The SCC concluded that the Tribunal had paid insufficient attention to whether McCormick was subject to the control of others and dependent on them (para 45). Thus, the Tribunal had erred when it concluded that it had jurisdiction over McCormick’s partnership relationship (para 45).
This case joins the cases that are tending to find that certain types of relationships are not employment for the purposes of human rights law. For example, in Lockerbie & Hole Industrial Inc. v Alberta (Human Rights and Citizenship Commission, Director), 2011 ABCA 3 (see blog post here) the Alberta Court of Queen’s Bench held, and the Alberta Court of Appeal agreed, that “employer” was not wide enough “to cover the relationship between the owner of an industrial site, and the employees of arm’s length contractors working on the site” (paras 6 and 24). Taken with McCormick, and in light of the current realities in Alberta employment, it may be that the way a company structures its relationship with the workers can affect whether human rights law applies. In the case of Lockerbie, which involved a site owner and a contractor of a trade, the failure to recognize the role of the site owner means that all human rights liability for policies of the site owner will fall on the shoulders of the trade contractor, who has to decide whether to risk a discrimination claim from his or her employee or to comply with the discriminatory request by the site owner in order to do business with them.
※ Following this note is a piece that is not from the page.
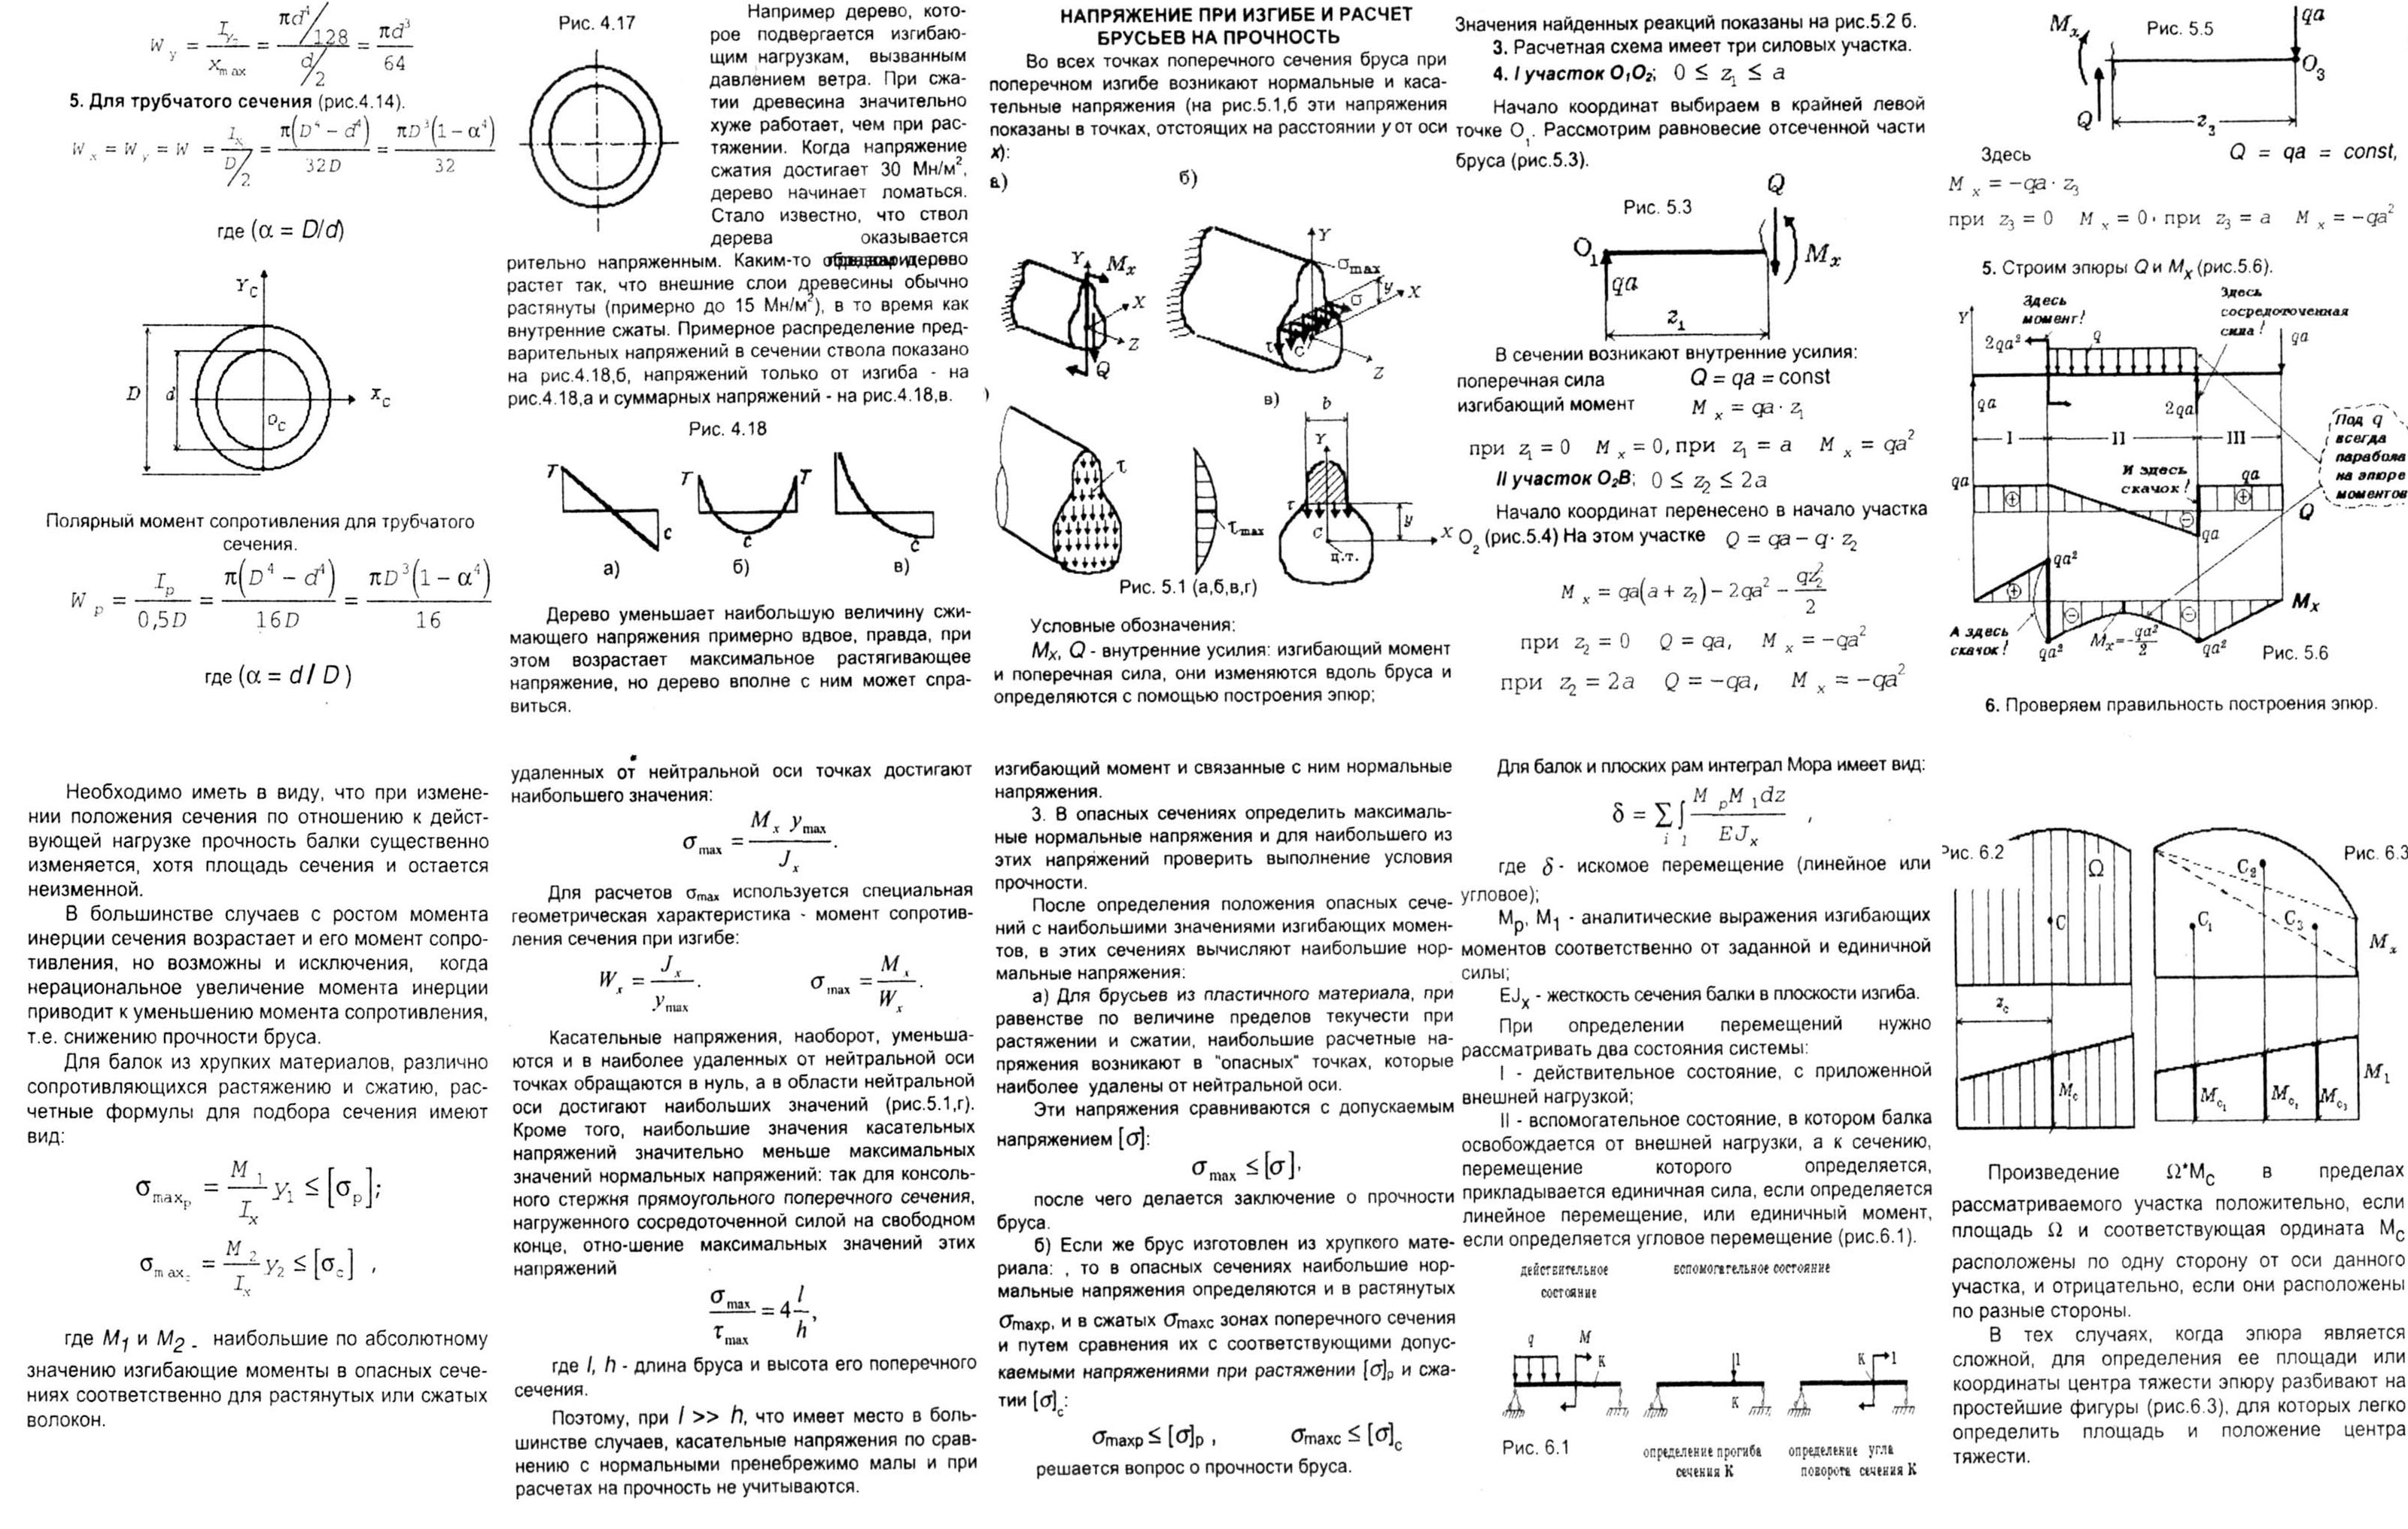 sopromat-shpory-list4b

Justice Abella commented in McCormick that in the case of partners, the Partnership Act provides that partners owe a duty of utmost fairness and good faith to each other (para 47). She notes (in obiter) that while this duty may well capture discrimination among partners, in McCormick’s case, “it is difficult to see how the duty of good faith would preclude a partnership from instituting an equity divestment policy designed to benefit all partners by ensuring the regenerative turnover of partnership shares” (para 48). Thus, McCormick really had no alternative legal measures available in this case.
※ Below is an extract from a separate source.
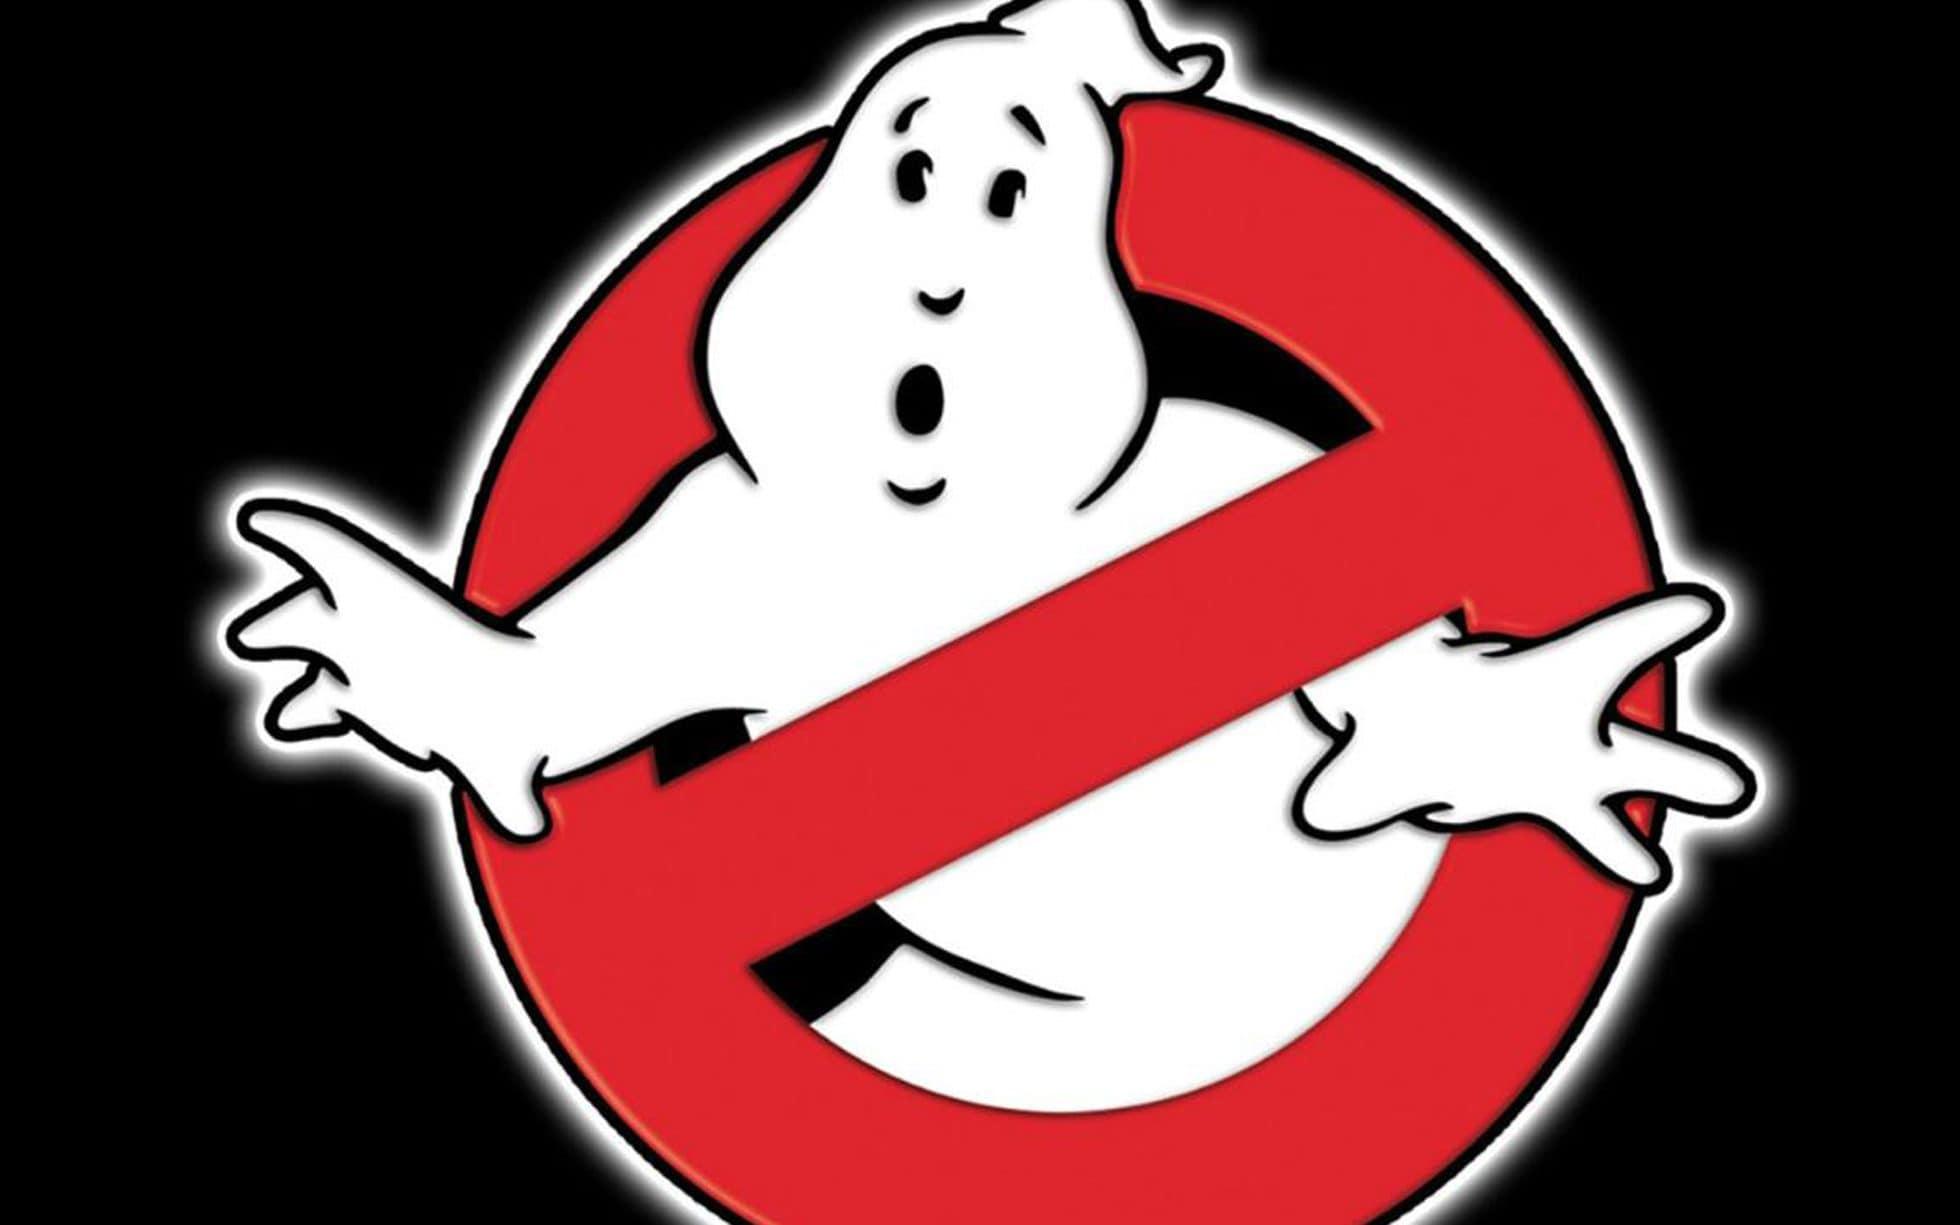 Ghostbusters-logo_trans_NvBQzQNjv4Bqeo_i_u9APj8RuoebjoAHt0k9u7HhRJvuo-ZLenGRumA.jpg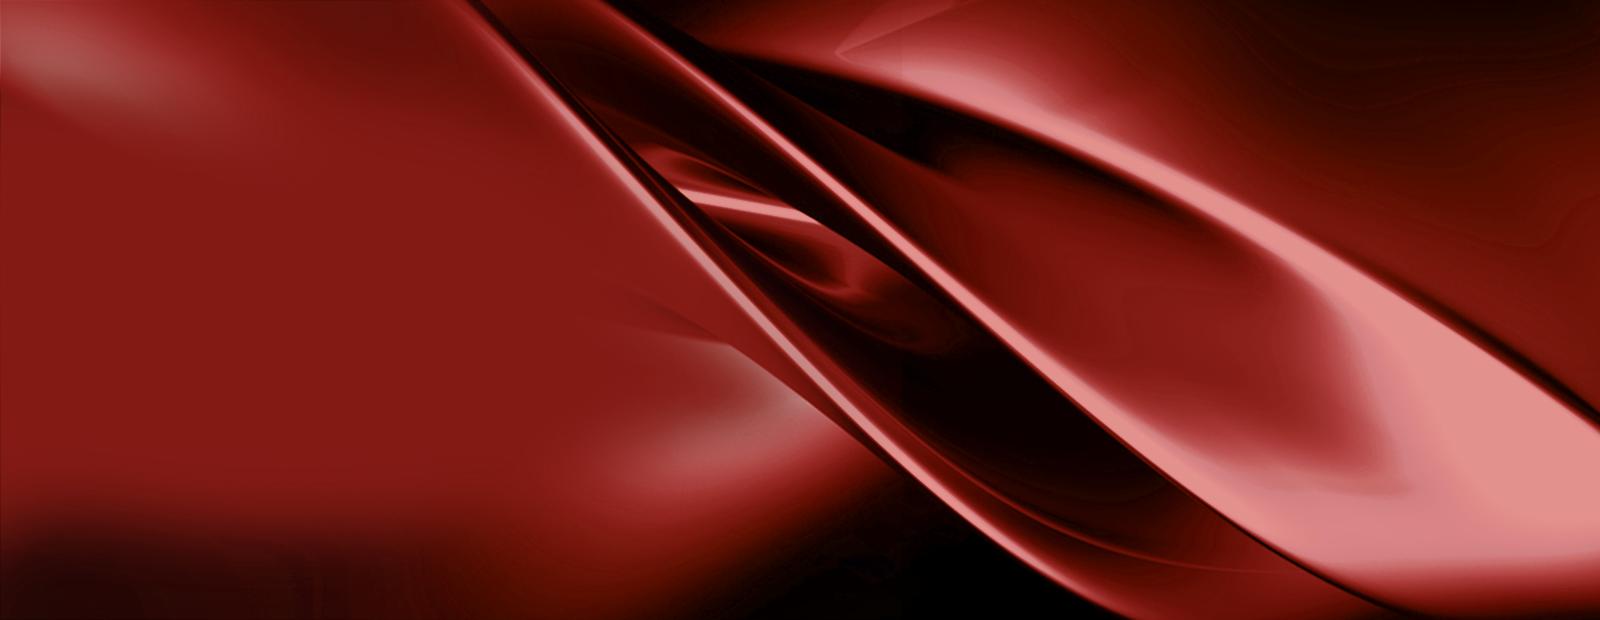 Algoflon-PTFE-abstract

While Justice Abella says that the character of the individual relationship must be examined for control and dependency, this case seems to be a victory of form over substance. The nature of the relationship did define whether or not human rights law could apply.
Complainants could seek to distinguish this case, but we may be running out of contemporary “employment” relationships to which human rights law provisions might apply. Of course, the legislature could choose to amend human rights law so that the definition of employment includes these relationships.
[Another concern I have with the judgment is Justice Abella’s use of “arbitrary disadvantage” to define discrimination. As this is being discussed by Jennifer Koshan in a separate blog post, I will refrain from further comment, except to say I share her concerns].